Input data
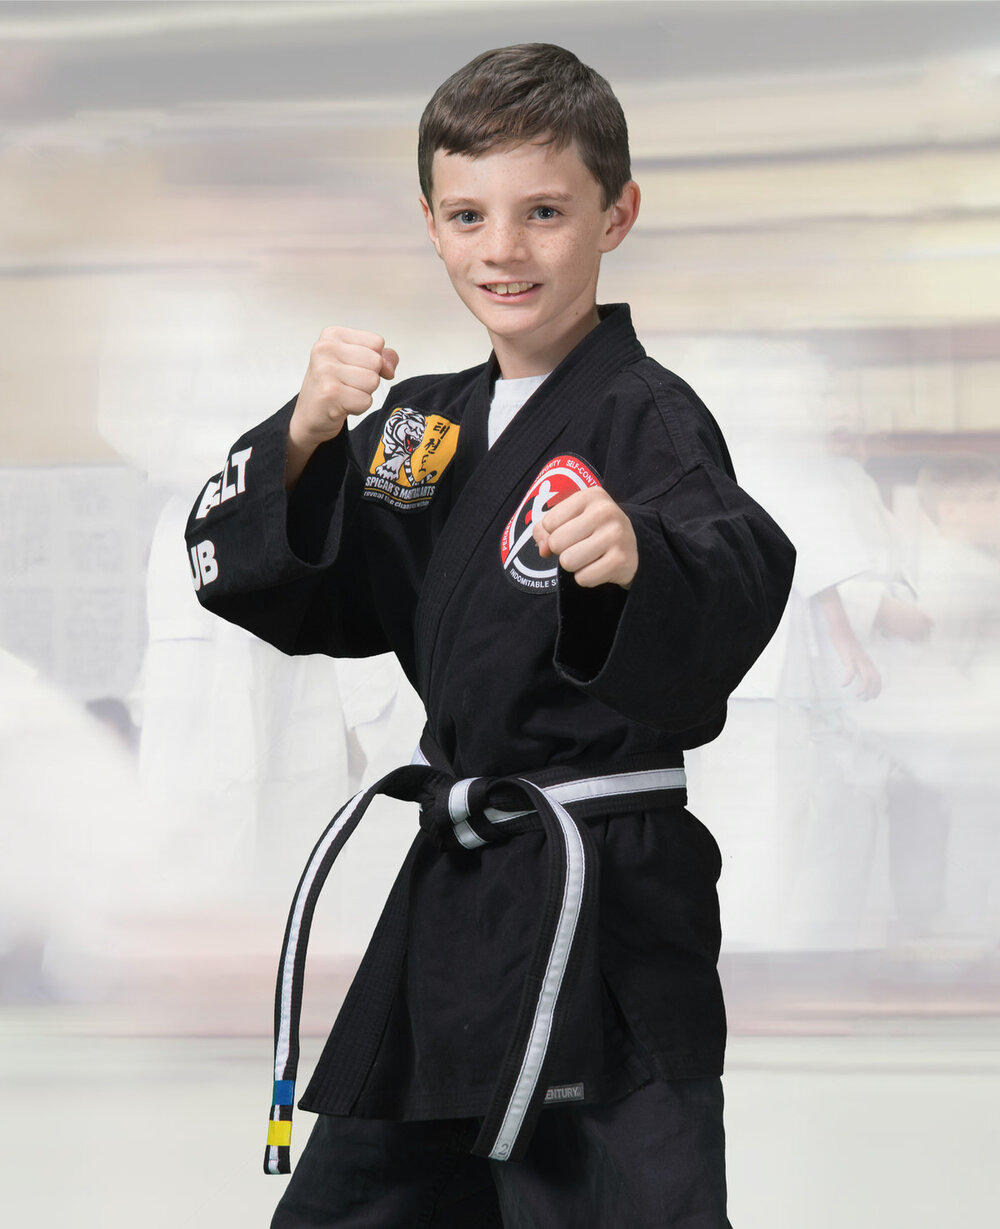 Belts karate vs taekwondo Tae Kwon
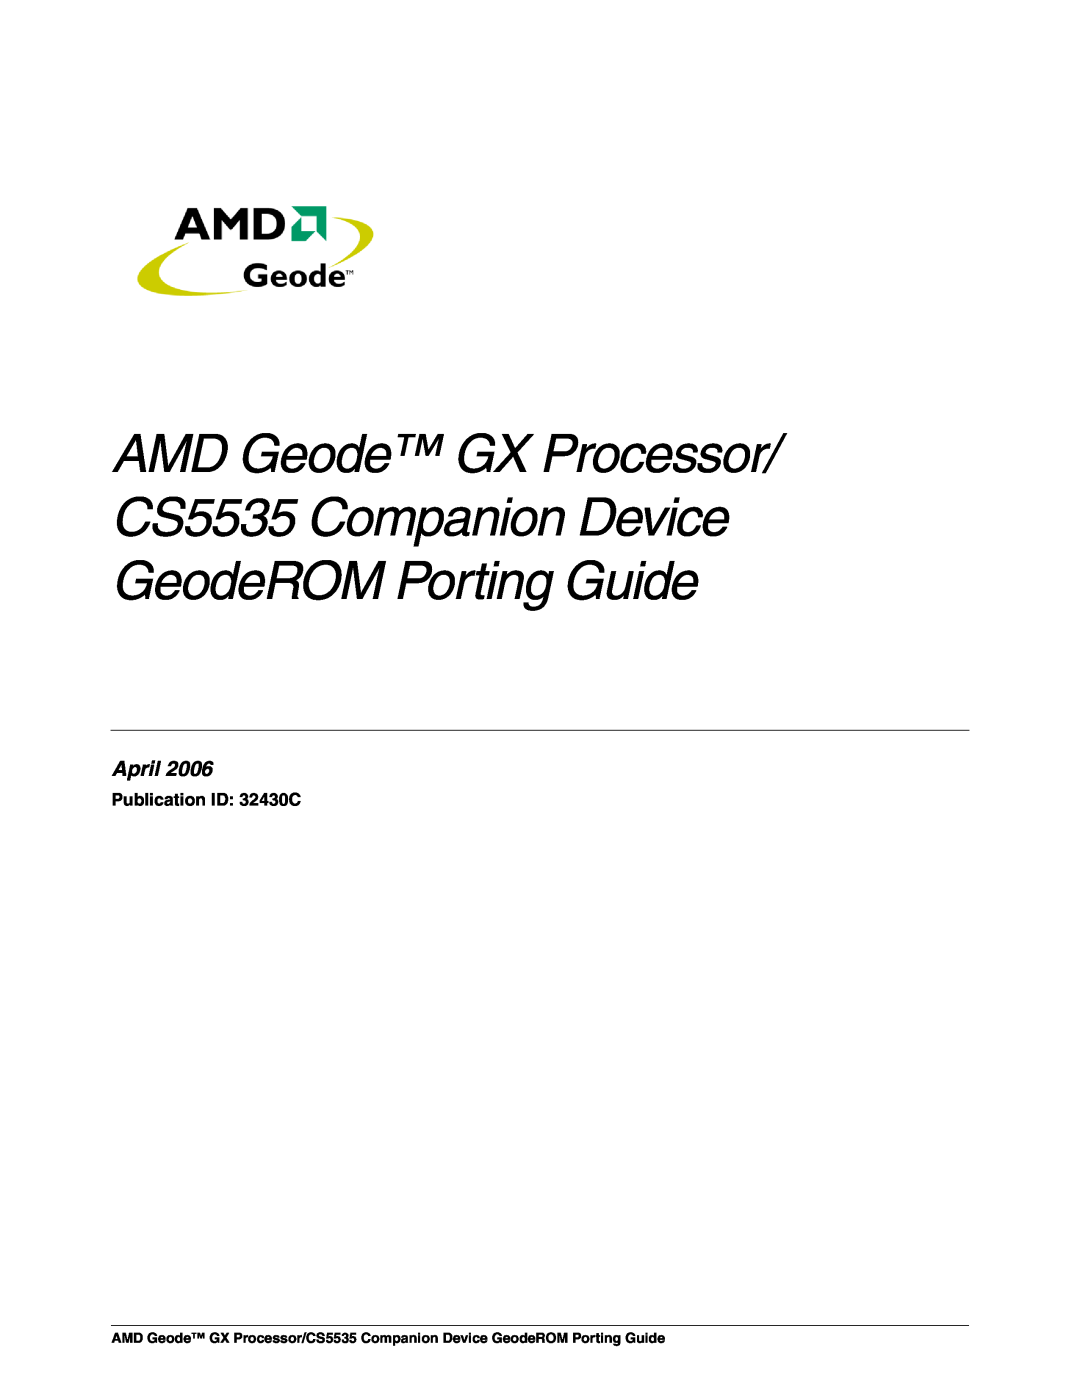 AMD manual Publication ID 32430C, AMD Geode GX Processor CS5535 Companion Device GeodeROM Porting Guide, April 
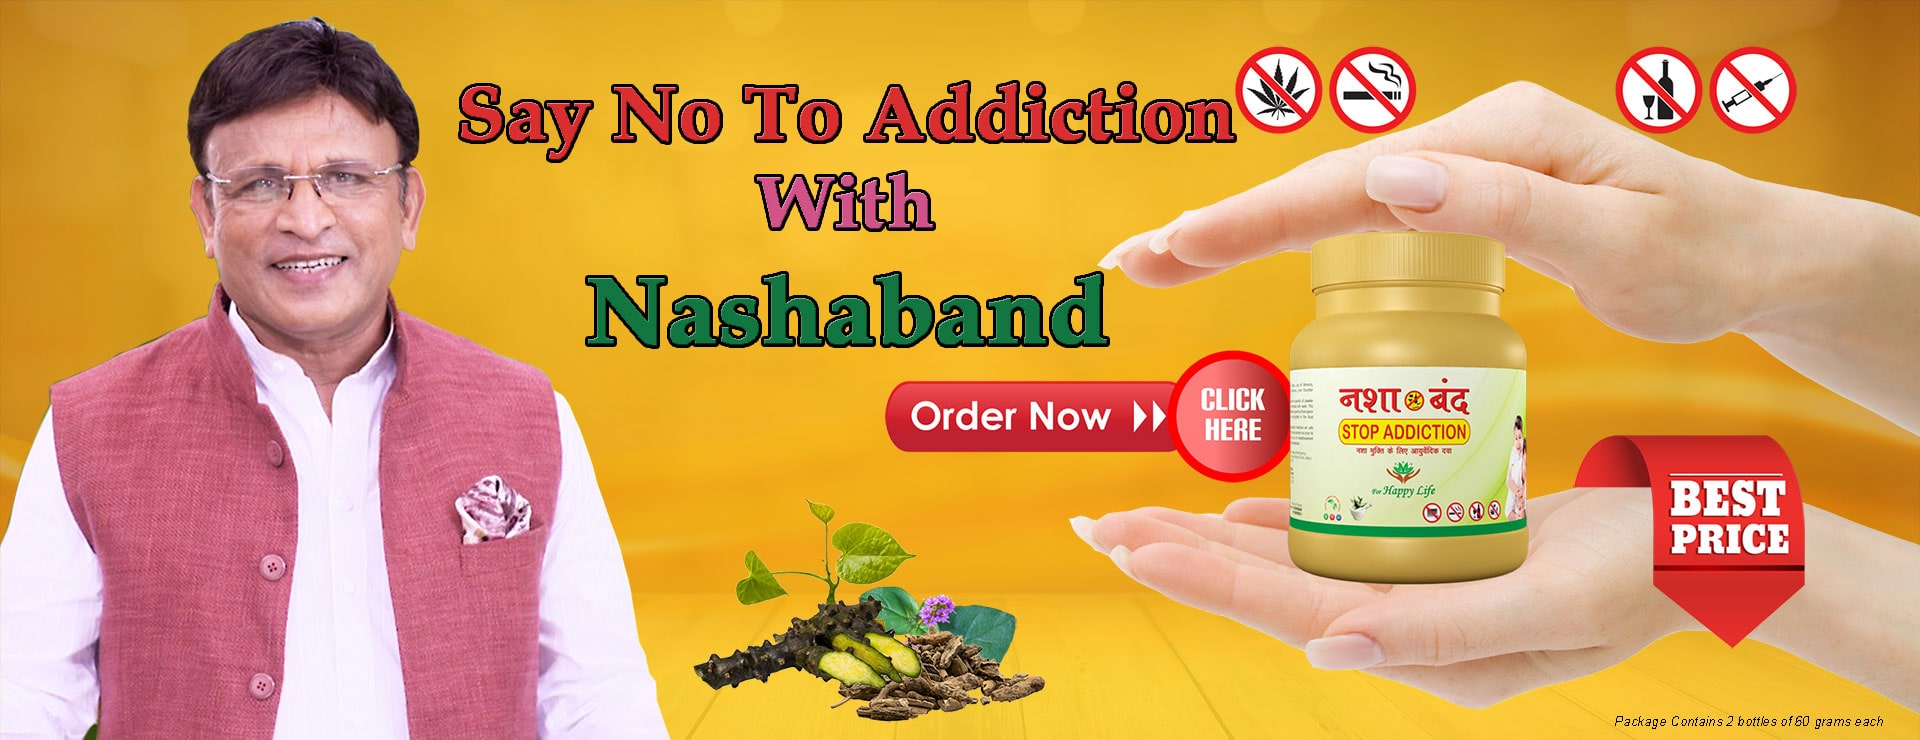 Nasha-band-banner-4
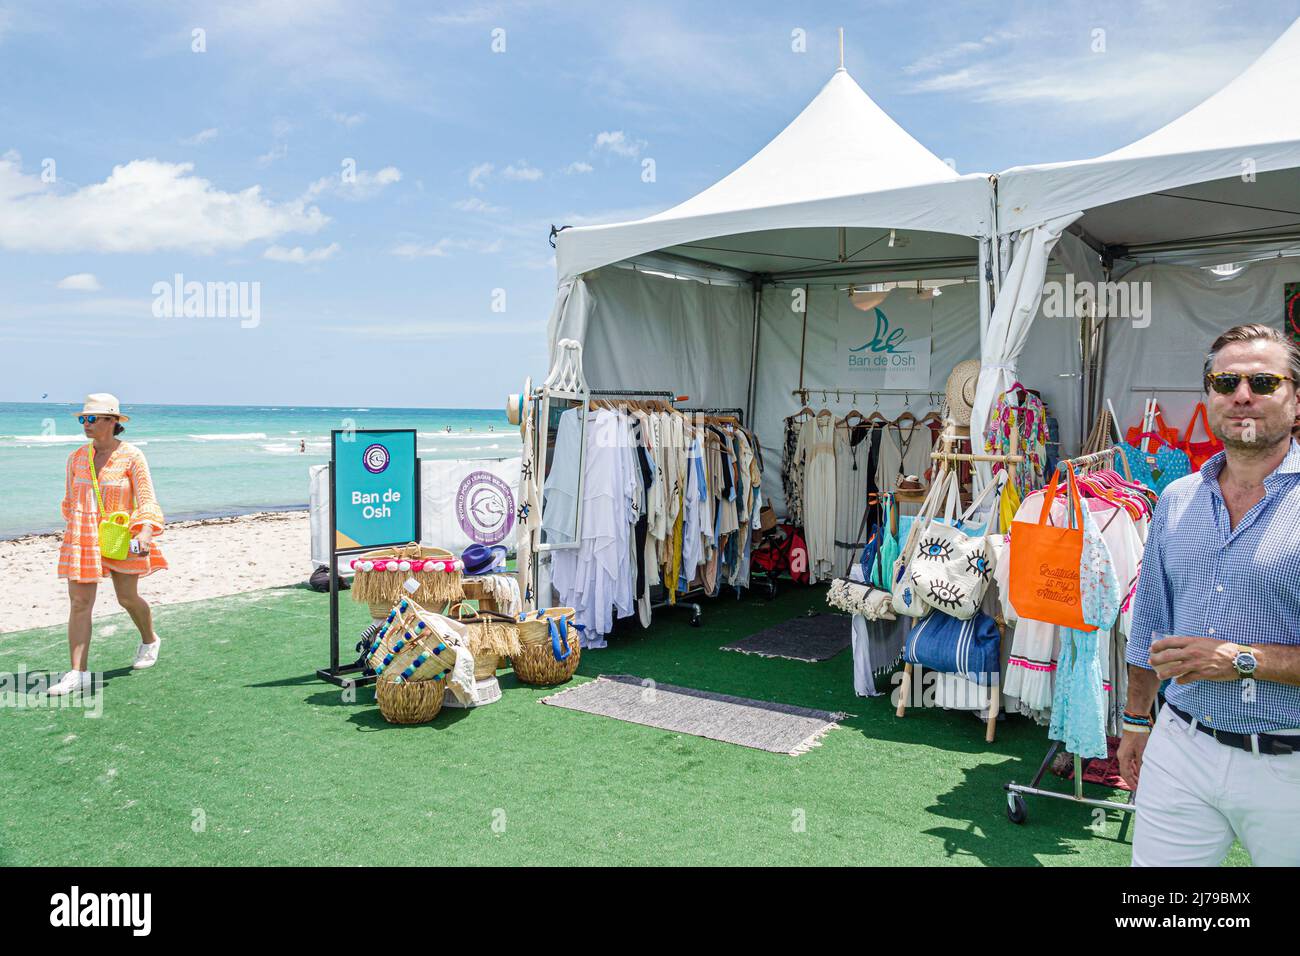 Miami Beach Florida Beach Polo World Cup Miami annual event Retail Village shopping vendors tents clothing display sale Stock Photo

Task goal
Print exactly the lines from the line with "Nasha-band-banner-4" through the end of the data, both ends included, and print no pictures.

Task response
 Nasha-band-banner-4
 Miami Beach Florida Beach Polo World Cup Miami annual event Retail Village shopping vendors tents clothing display sale Stock Photo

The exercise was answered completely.